Blue Origin shared flight data with Boeing and NASA, and after evaluating the Starliner parachutes, the team deemed them “good to fly.”

Last minute packing

The space station had an anomaly Wednesday that Starliner could help fix, said Dana Weigel, manager for NASA’s International Space Station Program.

A pump on the station’s urine processor assembly failed.

“That urine processor takes all the staff’s urine and processes in the first stage of a water recovery system,” Weigel said. “It then sends it downstream to a water processor that turns it into drinking water. The station is really designed to be a closed loop.”

The pump was expected to operate until the fall, and another was scheduled to fly aboard a cargo replacement mission planned for August. But the pump failure “put us in a position where we would have to store a lot of urine,” Weigel said.

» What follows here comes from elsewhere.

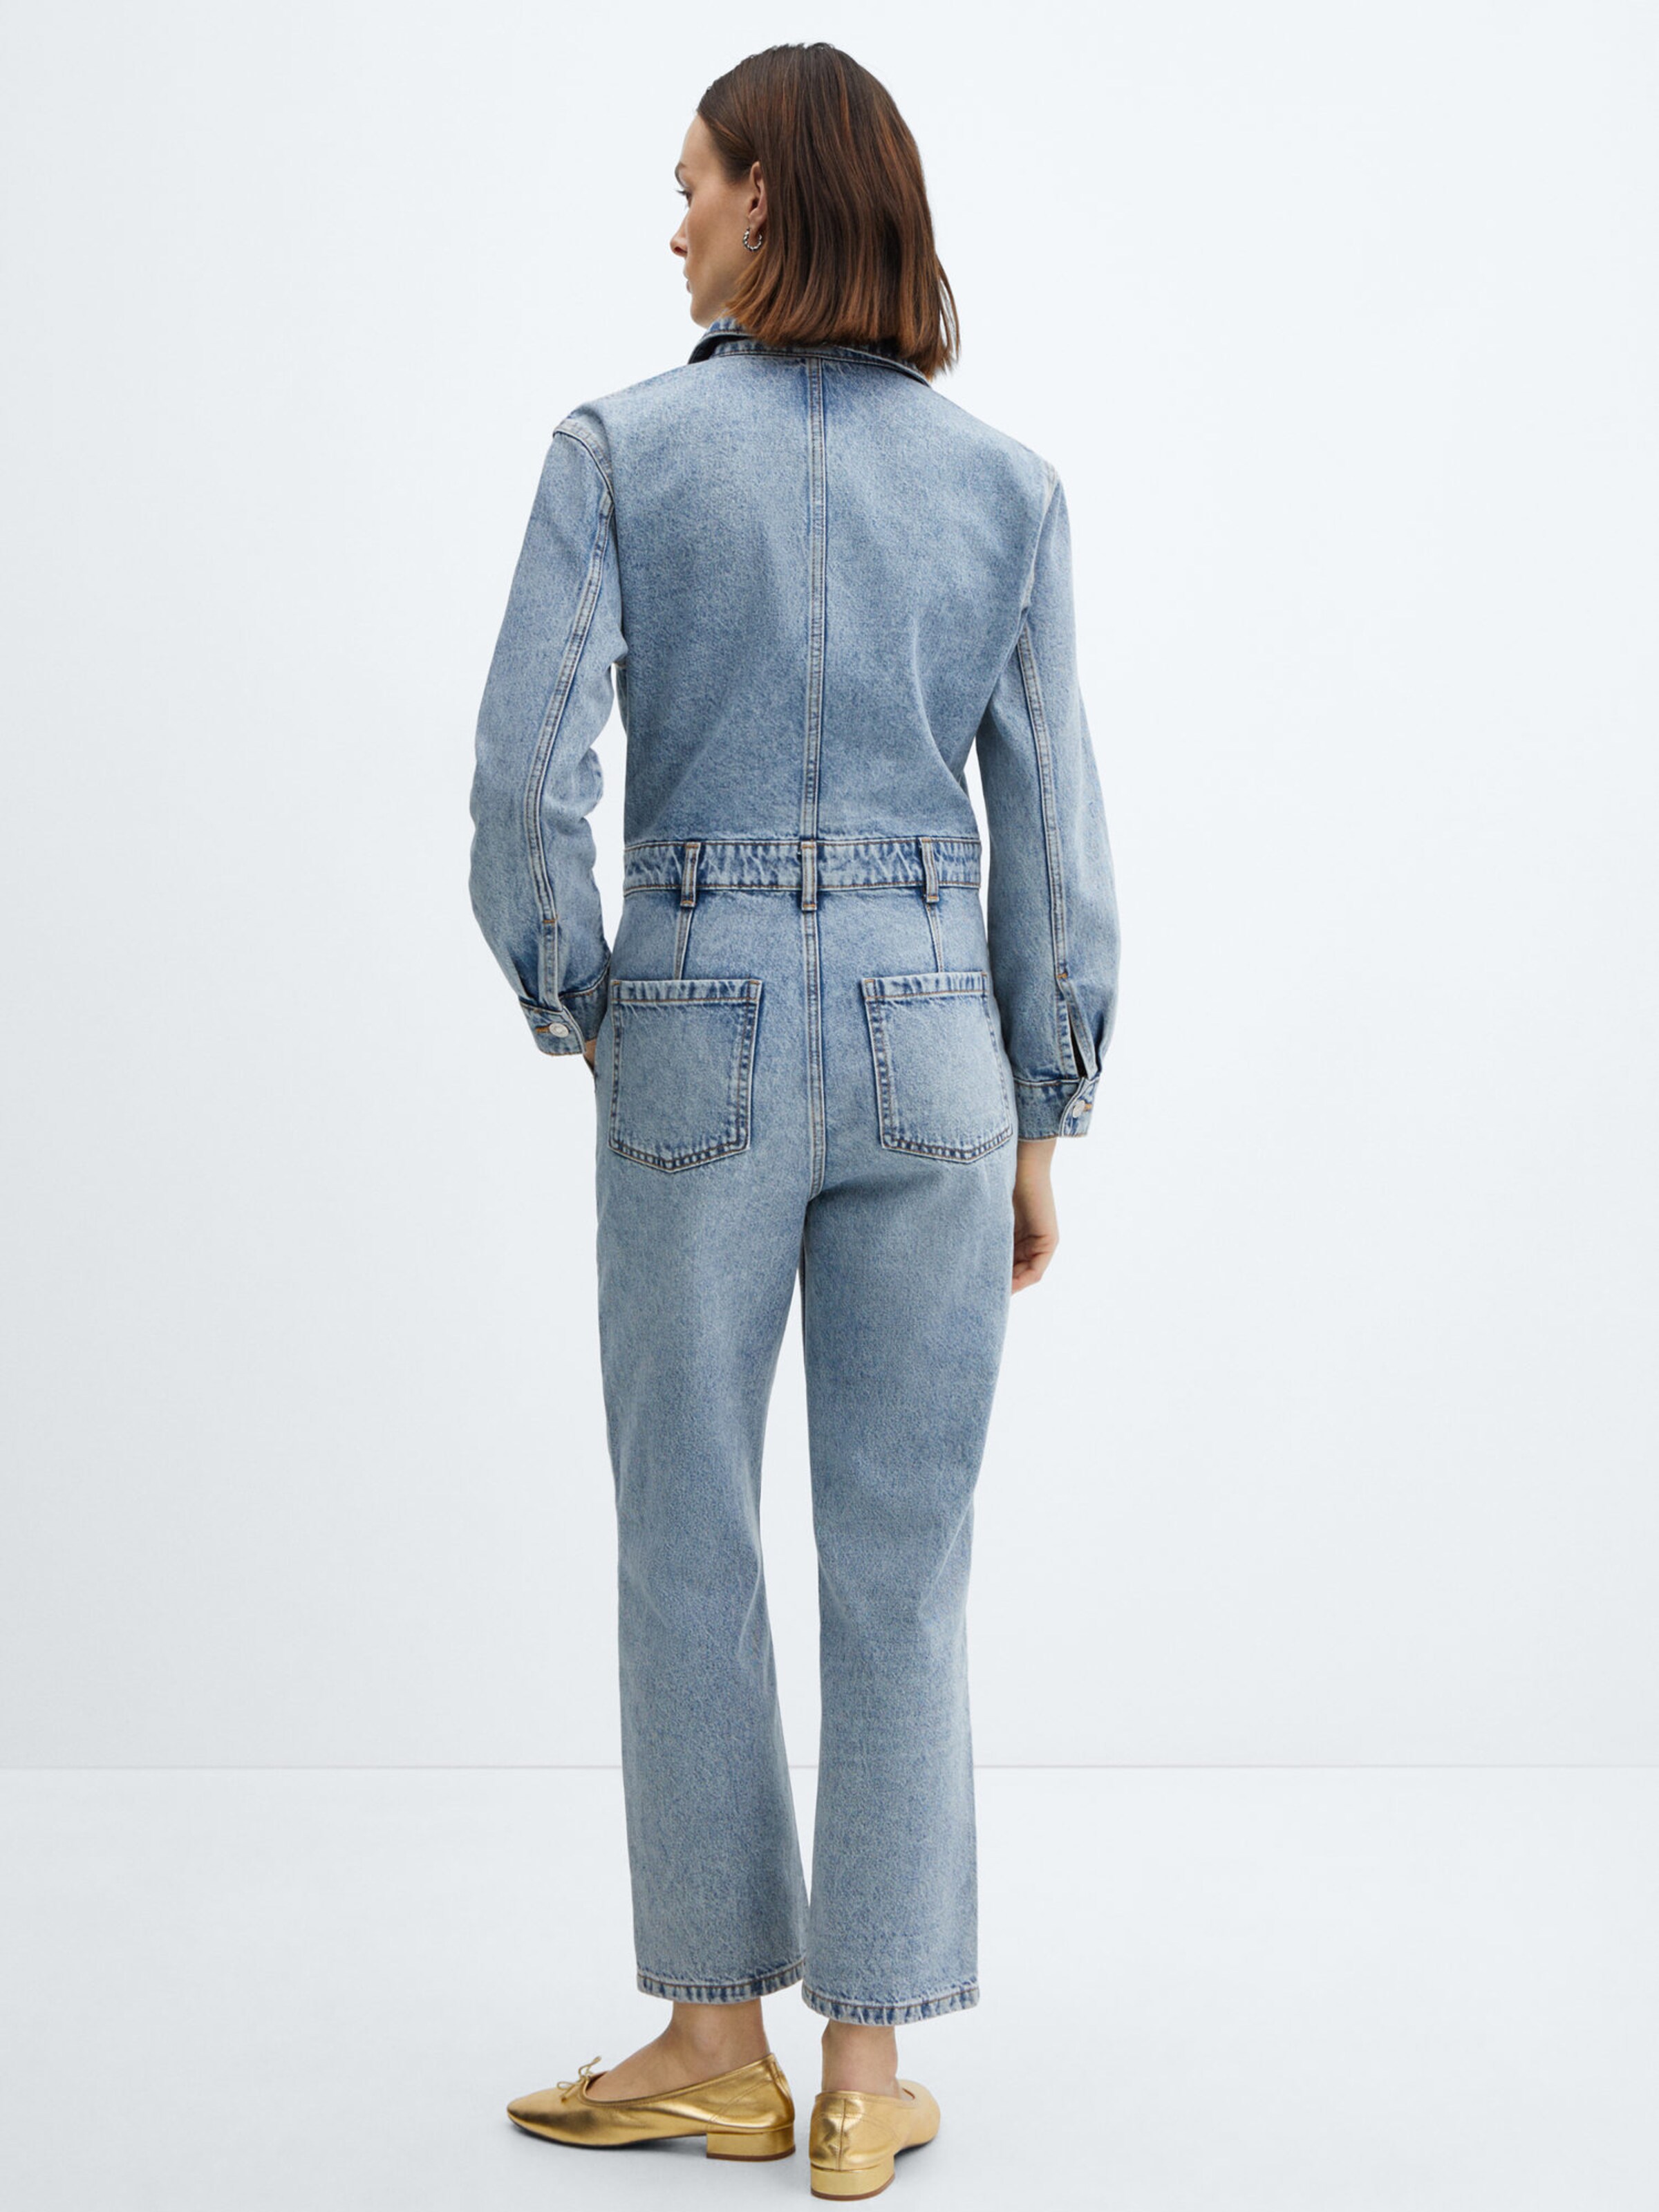 MANGO WOMEN'S LONG Sleeve Denim Zip Jumpsuit in Bleach Blue Size Small  $50.70 - PicClick

Now, the urine must be stored on board in containers. To resolve this issue, a replacement pump was quickly swapped into the Starliner cargo. The pump weighs about 150 pounds, so the team removed two crew suitcases from Starliner carrying clothes and toiletries like shampoo and soap that Wilmore and Williams handpicked.

The space station has a contingency supply of generic clothing and toiletries that the astronaut duo will use instead for their short stay, Weigel said.

Wilmore and Williams have been in crew quarantine to protect their health before launch since late April, said NASA astronaut Mike Fincke, who is set to pilot the upcoming Boeing Starliner-1 mission that would follow a successful test flight.

“Butch and Suni have every confidence in our rockets, our spacecraft and our operations teams and leadership management teams, and they are certainly ready to go,” he said.

CNN’s Deblina Chakraborty contributed to this report.